Governance:Urgent remedy needed for Aboriginal community healthcare

This opinion article is reproduced from The Australian

28 June 2012 for the information of NACCHO members

Selwyn Button is chief executive of the Queensland Aboriginal and Islander Health Council.

 Morgan Brigg is a senior lecturer at the University of Queensland.

THE community-controlled health sector can close the gap and deliver health improvements for Aboriginal people in ways that mainstream health services never have and never can. But the sector is in a crisis brought about by a failure of governance. This failure is not of the type popularly imagined and the solutions require urgent sector-led reform that will make many of the key players uncomfortable.

The mantra of “community control” has driven the Aboriginal community-controlled health sector for approximately 40 years, but insiders know that it needs a major overhaul. As services have grown to become complex multi-million dollar operations, they have not updated their governance models. Many organisations have become compromised as particular individuals and families come to exercise too much power. This is better described as “controlled community” than “community control”, with many Aboriginal people locked out of organisational membership by a powerful few.

In these circumstances it is impossible to keep organisations accountable, leading to systemic failures of governance. Without effective governance, funds are mismanaged and problems remain undetected until it’s too late.

 For several decades, governments have responded by attempting to improve corporate governance. Funders provide training on principles and mechanics of good governance and leadership and have tightened reporting requirements and increased monitoring and oversight. The efforts help, but they fail to address the problem. This is technical work, often undertaken by consulting firms with no expertise in Aboriginal health. They detect failure too late, displace local people by working only with the organisation, and divert resources and time from the core business of successfully delivering high quality healthcare to the country’s most disadvantaged populations.

The core of the problem is that corporate governance is in a battle with a compromised version of community control. Reform is necessary to prevent families from dominating boards and to avoid the conflicts of interest that plague the sector.

There is also a need for more expert and independent directors on boards. But such reform cannot be easily mandated by governments or technically administered. The answer, then, does not lie solely with corporate governance, although the highest of standards must continually be demanded in this area.

The sector needs to boldly reconfigure its approach to community governance as a key driver of good corporate governance. And there are already success stories. There are recent cases, following a crisis of corporate governance, where the community has stepped in and said enough is enough. As a result, governance has become more transparent and service provision and attendance have lifted.

Powerful individuals and families have been brought to heel by community pressure where they have not responded to consultancy firms and pressure from government funders. Unfortunately, though, this story is all too rare. Often crises lead to the closure of services or rolling problems.

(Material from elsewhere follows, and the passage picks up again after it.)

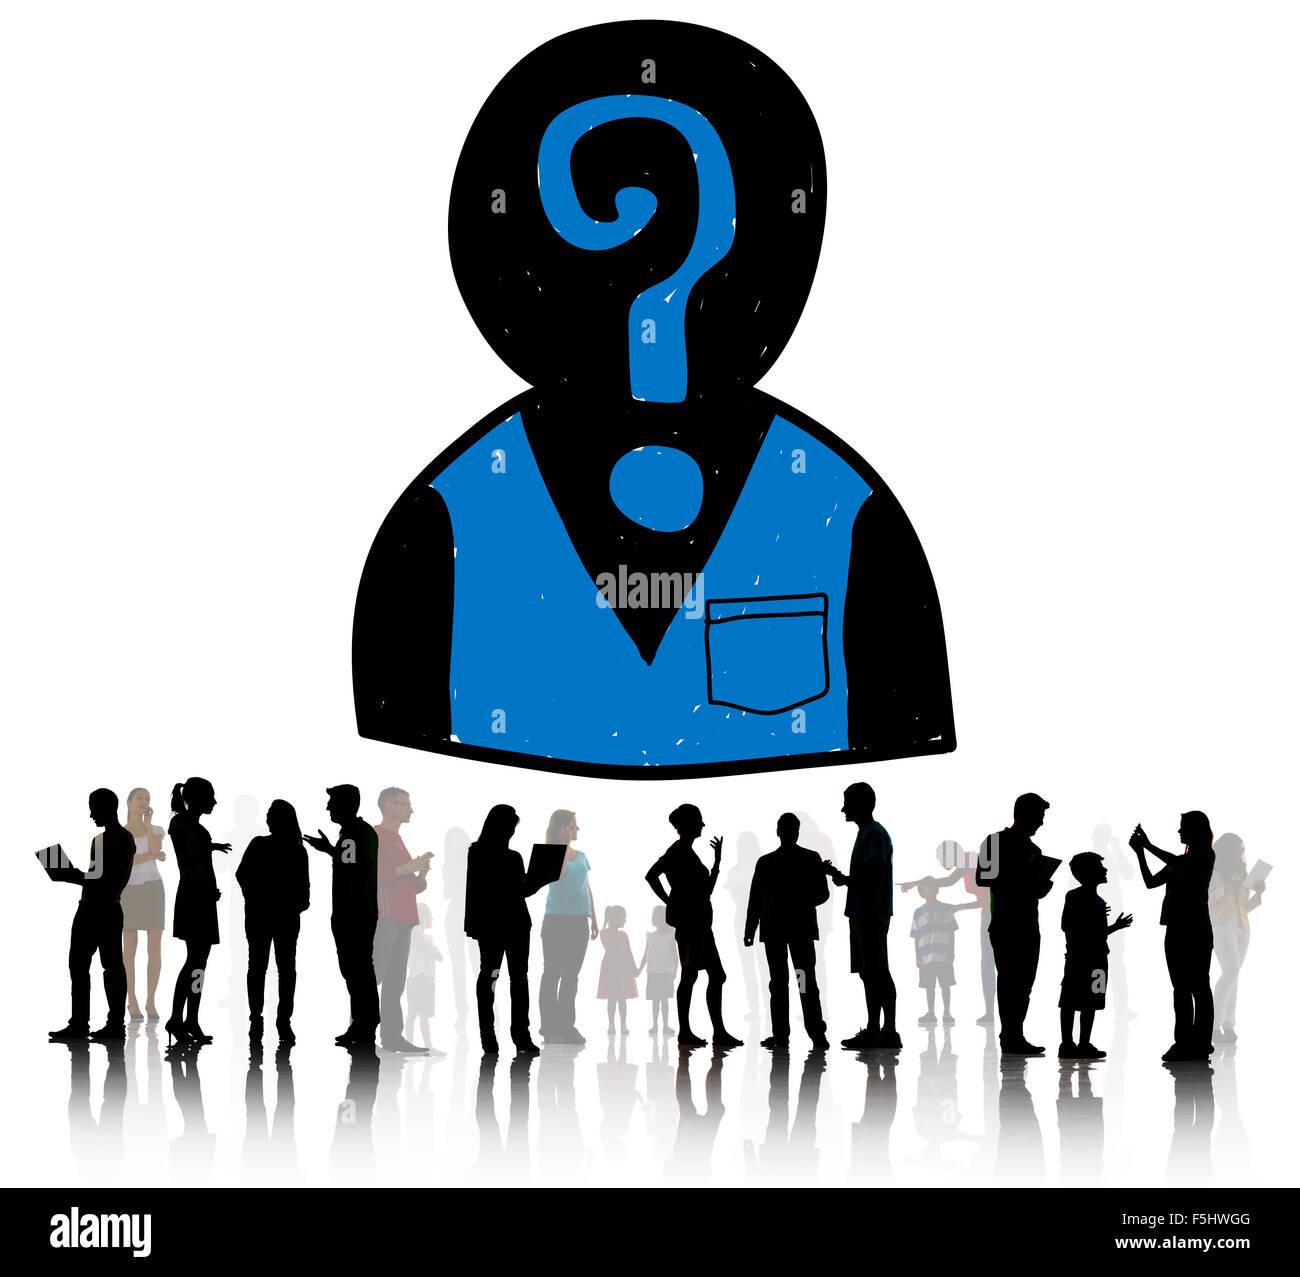 assessment employment recruitment hiring searching concept stock assessment employment recruitment hiring searching concept

Rethinking and reinvigorating community control can address the issues, but is not easy work. There is a need to explore and clarify where the values, principles and practices of community and corporate governance come from, and how they relate to the model of healthcare to be delivered. There is also a need to carefully think through the appropriate mix of Aboriginal and mainstream ideas and values that should be drawn upon. This type of work generates conflict, but it is necessary and can be transformative and valuable.

The upsides to rethinking governance in the sector and moving through conflict are big. One winner is Aboriginal control – Aboriginal people and Aboriginal values driving change on their terms. But equally important are the opportunities to better deliver the demonstrably effective health outcomes that are provided by community-controlled health services. This is crucial for closing the gap for an in-need population and for the responsible use of public funds.

Morgan Brigg is a senior lecturer at the University of Queensland. Selwyn Button is chief executive of the Queensland Aboriginal and Islander Health Council.